### Data
'''

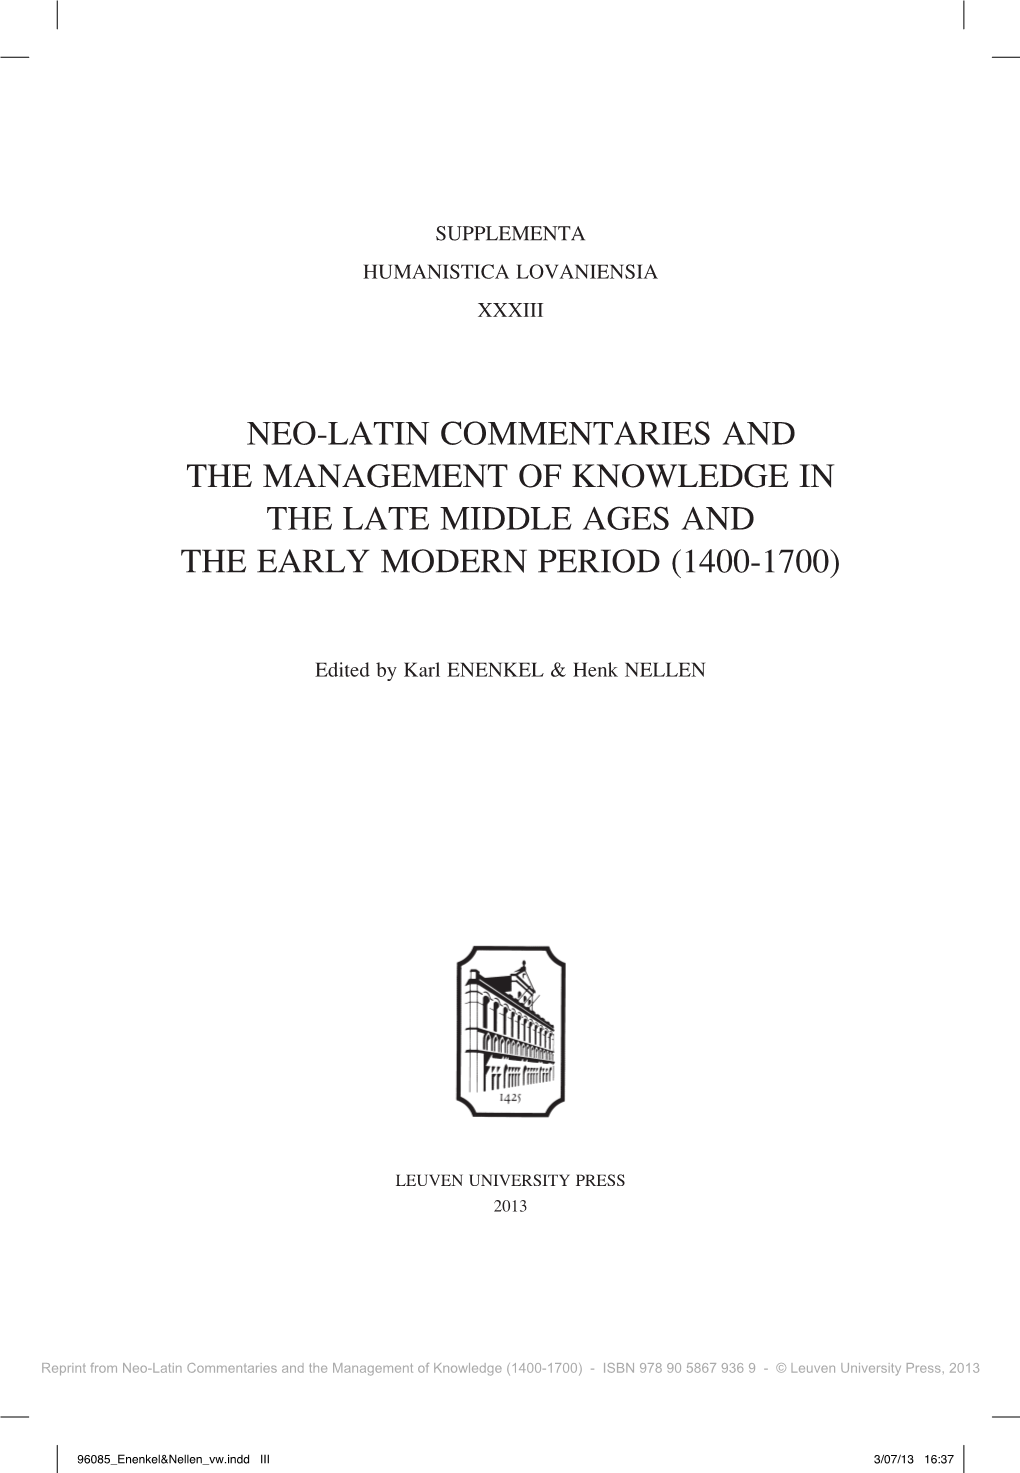 Neo-Latin Commentaries and the Management of Knowledge in the Late Middle Ages and the Early Modern Period (1400-1700)
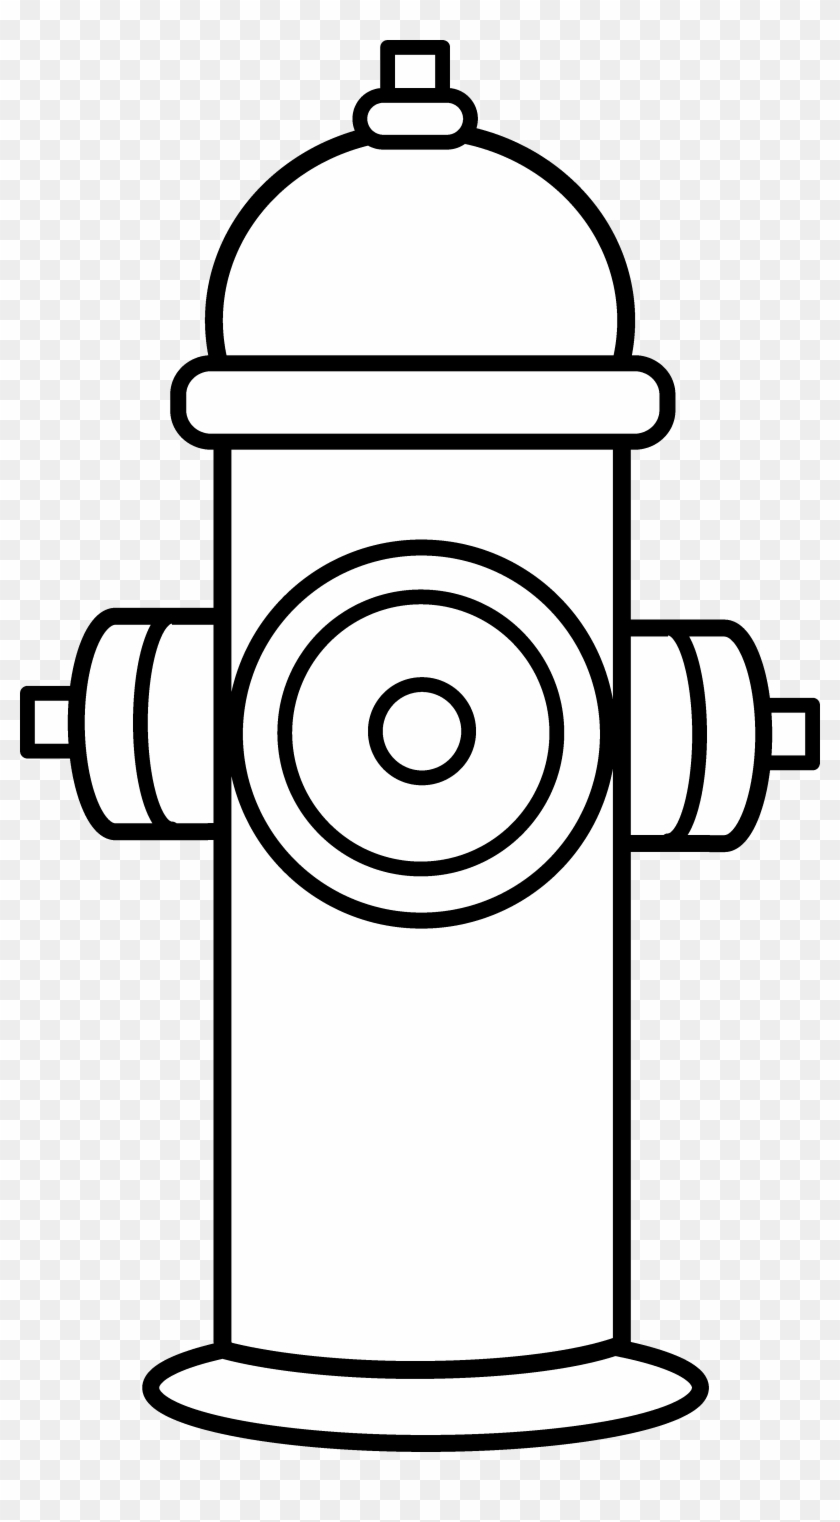 Clip Art Fire Hydrant - Png Download #35433
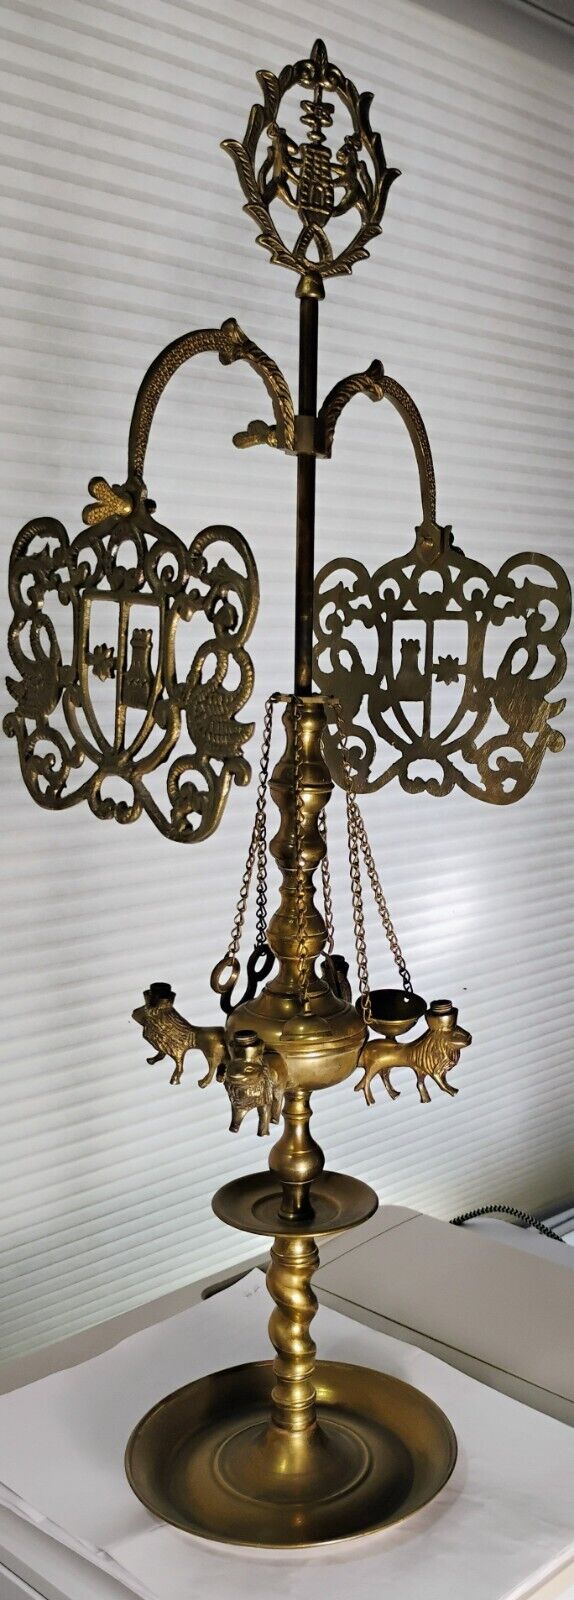 ANTIQUE ORIGINAL Late 1800\'s BRASS 4 WICK WHALE OIL LAMP 21 INCHES TALL EXT RARE

'''

### Work to be completed
Copy exactly, and only, the lines from the line containing "Clip Art Fire Hydrant - Png Download #35433" through the final line of the material above, with no pictures.

### Finished task
 Clip Art Fire Hydrant - Png Download #35433
 ANTIQUE ORIGINAL Late 1800\'s BRASS 4 WICK WHALE OIL LAMP 21 INCHES TALL EXT RARE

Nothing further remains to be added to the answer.